Compounds expand to molecules at definition time, so they have the same capabilities once created.


KnowledgeGraph

Pre-configured Triple for knowledge graph data.

from hybi.compose import KnowledgeGraph

schema = KnowledgeGraph(
    entity_field="person",
    relation_field="relationship",
    # Defaults: SEMANTIC for entities, EXACT for relations
)

Equivalent to:

Triple(
    subject=Field("person", encoding=Encoding.SEMANTIC),
    predicate=Field("relationship", encoding=Encoding.EXACT),
    object=Field("target", encoding=Encoding.SEMANTIC),
)

hybi.compose.KnowledgeGraph dataclass

Bases: BaseMolecule

Knowledge graph compound: entity-relation-entity triples.

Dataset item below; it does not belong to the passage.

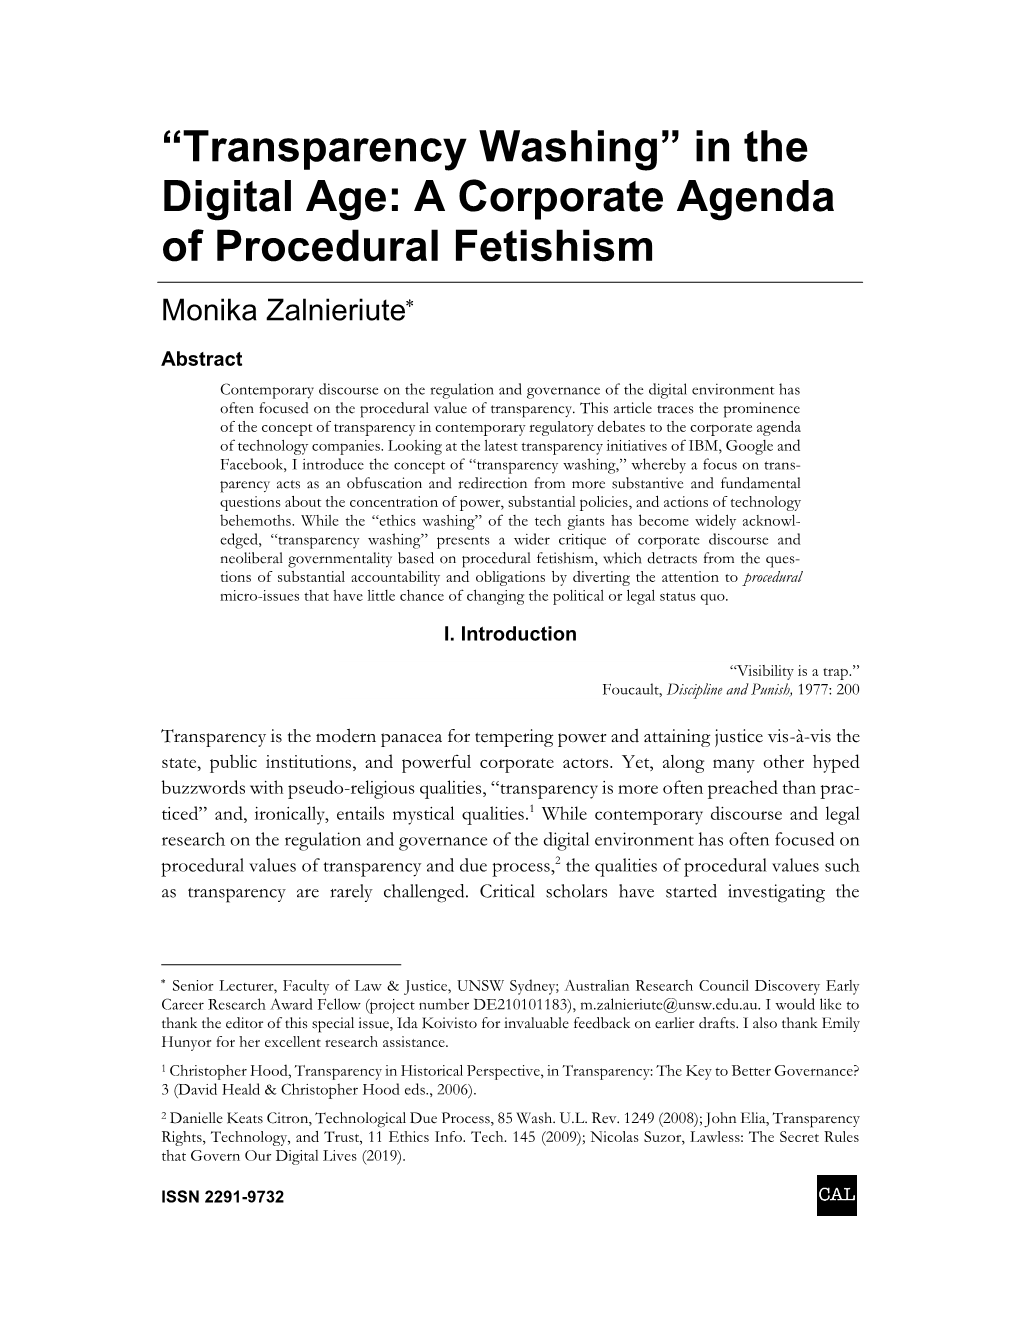 In the Digital Age: a Corporate Agenda of Procedural Fetishism Monika Zalnieriute

A convenience wrapper around Triple with sensible defaults for knowledge graph use cases (semantic entities, exact relations).

Expands to

Triple( subject=Field(entity_field, encoding=SEMANTIC), predicate=Field(relation_field, encoding=EXACT), object=Field(entity_field, encoding=SEMANTIC), )

Example

Simple usage - defaults to entity/relation columns

schema = KnowledgeGraph() hb.ingest(facts_df, collection="kg", schema=schema)

Custom field names

schema = KnowledgeGraph( ... entity_field="person", ... relation_field="relationship", ... )

With custom encoding

schema = KnowledgeGraph( ... entity_field="entity", ... relation_field="predicate", ... entity_encoding=Encoding.EXACT, # For IDs instead of text ... )

__init__(entity_field='entity', relation_field='relation', subject_field=None, object_field=None, entity_encoding=Encoding.SEMANTIC, relation_encoding=Encoding.EXACT, entity_weight=1.0, relation_weight=1.0)


Catalog

Pre-configured Bundle for tabular data.

from hybi.compose import Catalog, Field, Encoding

schema = Catalog(
    columns={
        "name": Field(encoding=Encoding.SEMANTIC, weight=1.5),
        "category": Field(encoding=Encoding.EXACT),
        "price": Field(encoding=Encoding.NUMERIC, similar_within=50),
    }
)

hybi.compose.Catalog dataclass

Bases: BaseMolecule

Catalog compound: searchable collection with SQL-like operations.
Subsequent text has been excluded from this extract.